Below this line is the material. Write out only its lines from the one containing "Views of Curonian" through the one containing "Samsung NP-R40FY01/SEG Contact", both kept, exactly.

__Data shown__
*** Begin section ***

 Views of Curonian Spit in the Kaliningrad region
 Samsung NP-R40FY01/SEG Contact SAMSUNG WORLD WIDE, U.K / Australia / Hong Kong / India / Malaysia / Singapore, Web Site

*** End section ***
*** Begin section ***

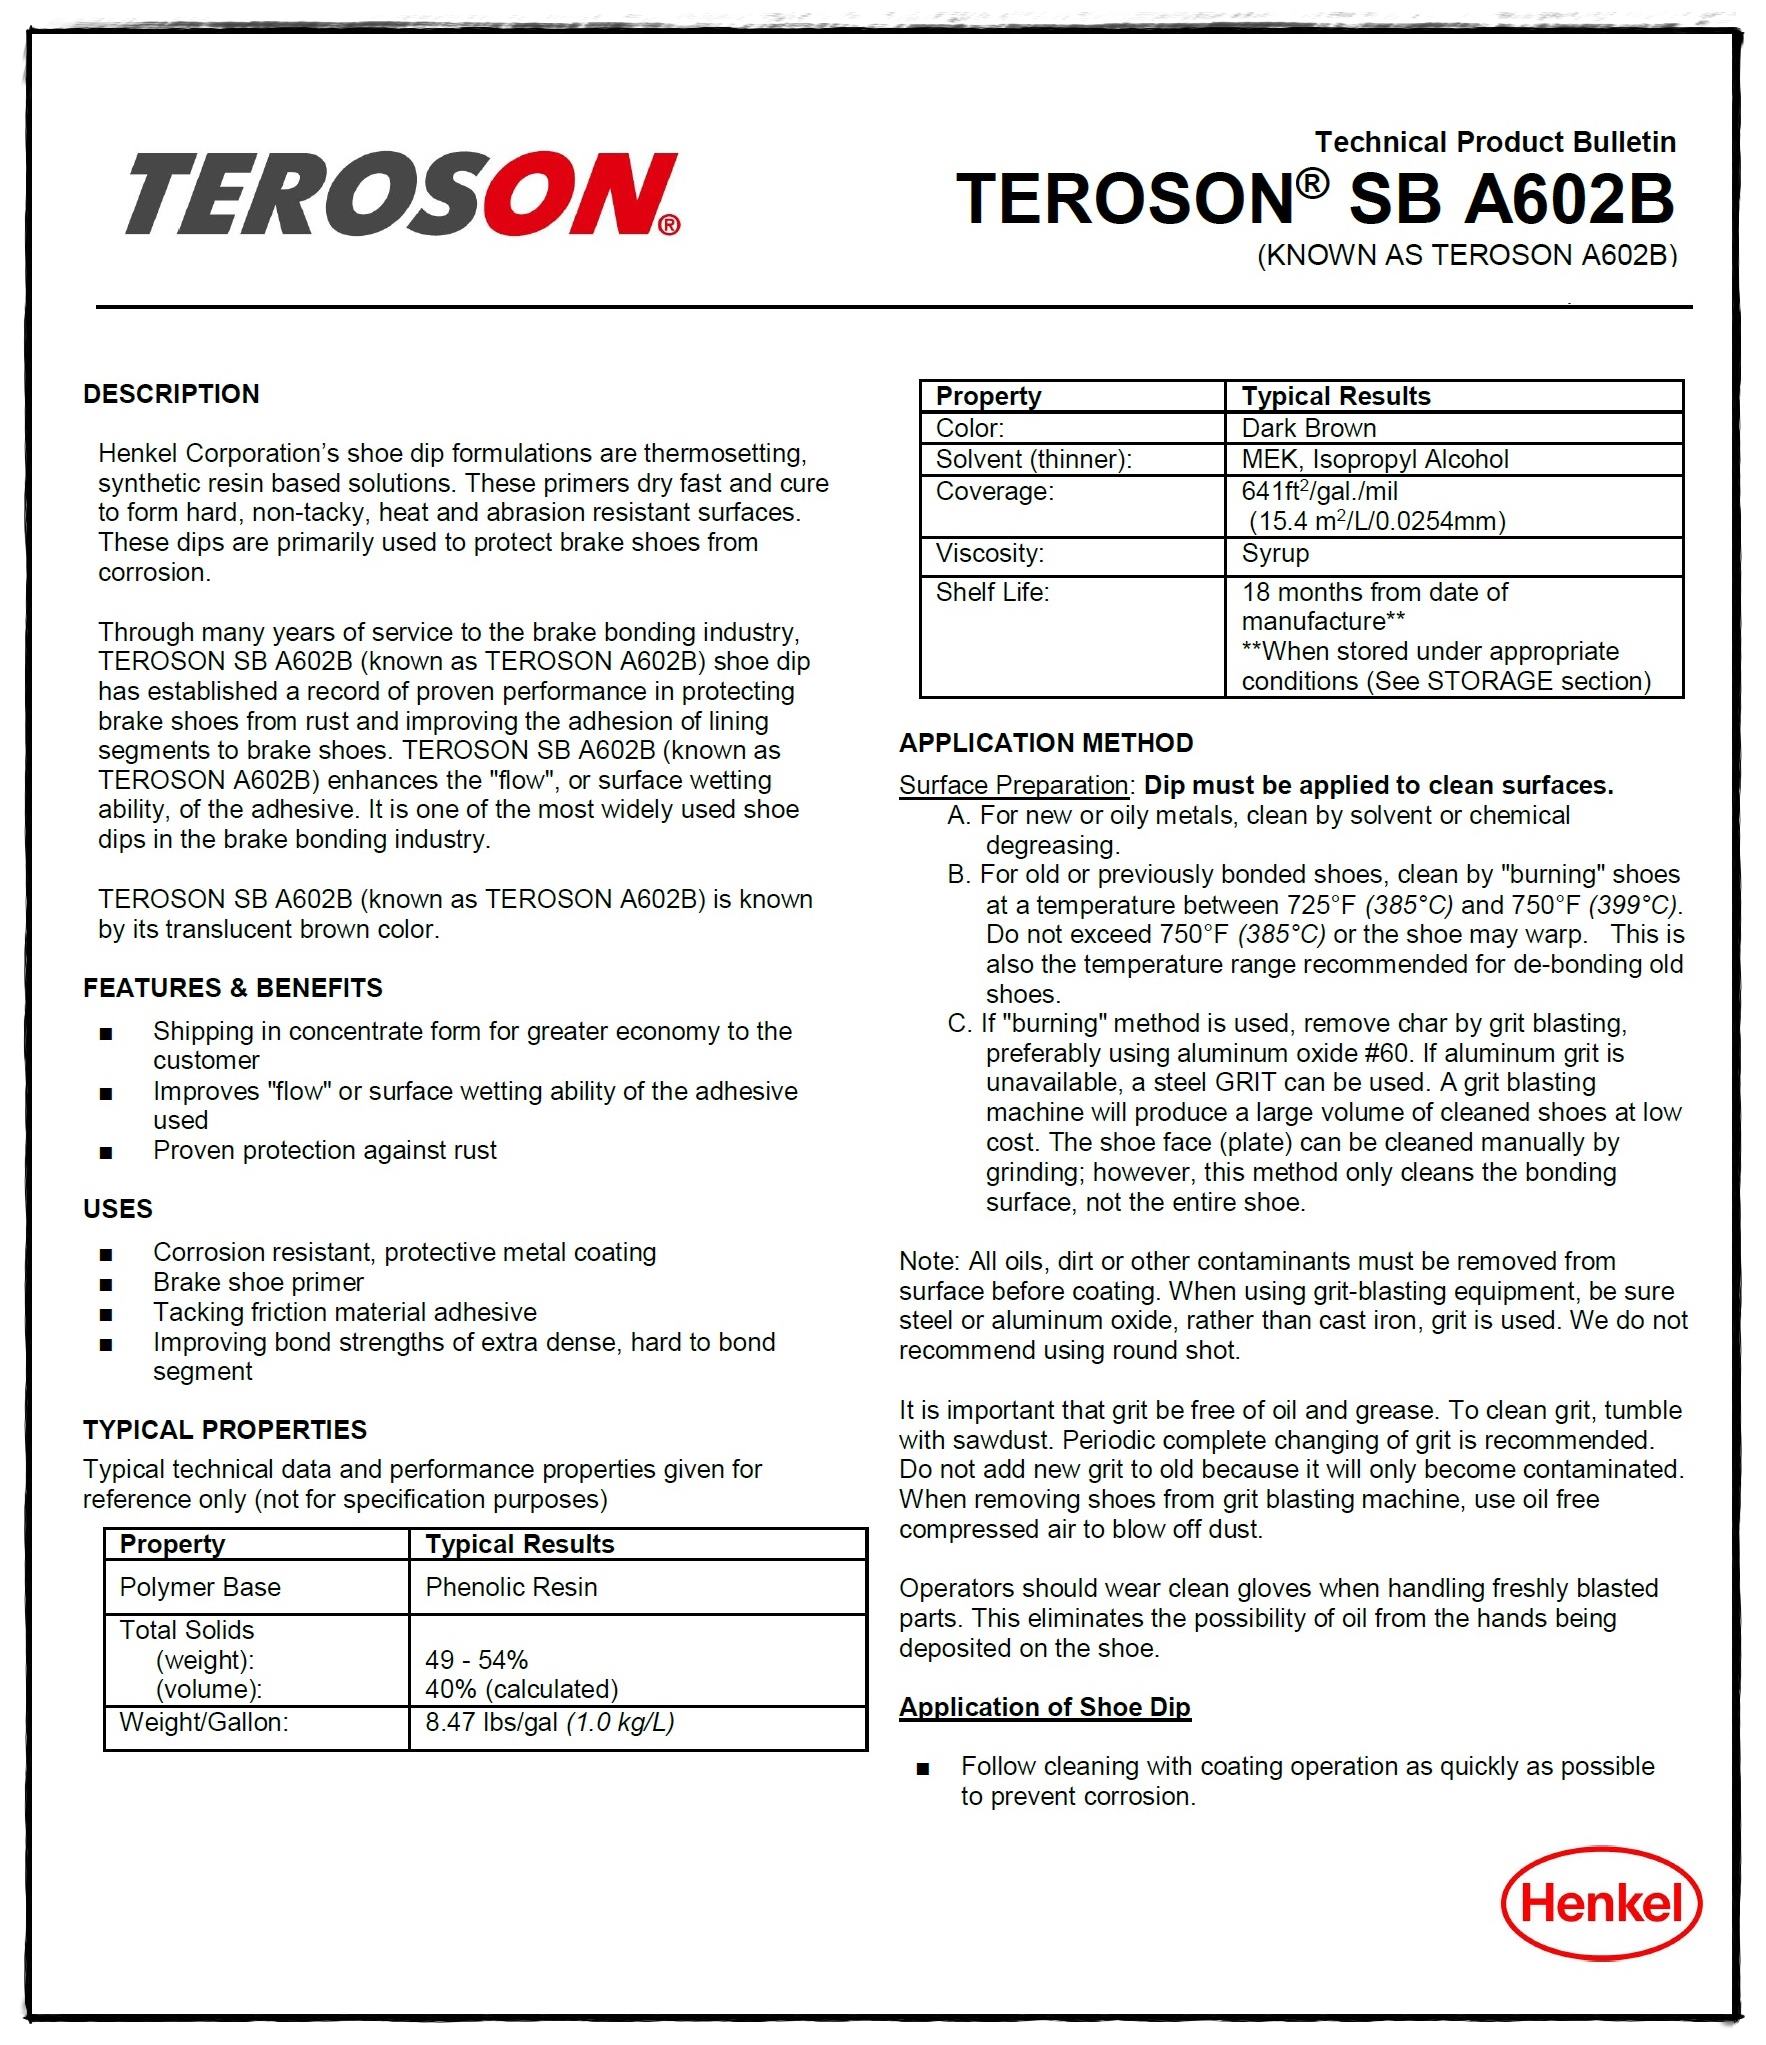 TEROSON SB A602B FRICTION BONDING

*** End section ***

__Solution for this task__
 Views of Curonian Spit in the Kaliningrad region
 Samsung NP-R40FY01/SEG Contact SAMSUNG WORLD WIDE, U.K / Australia / Hong Kong / India / Malaysia / Singapore, Web Site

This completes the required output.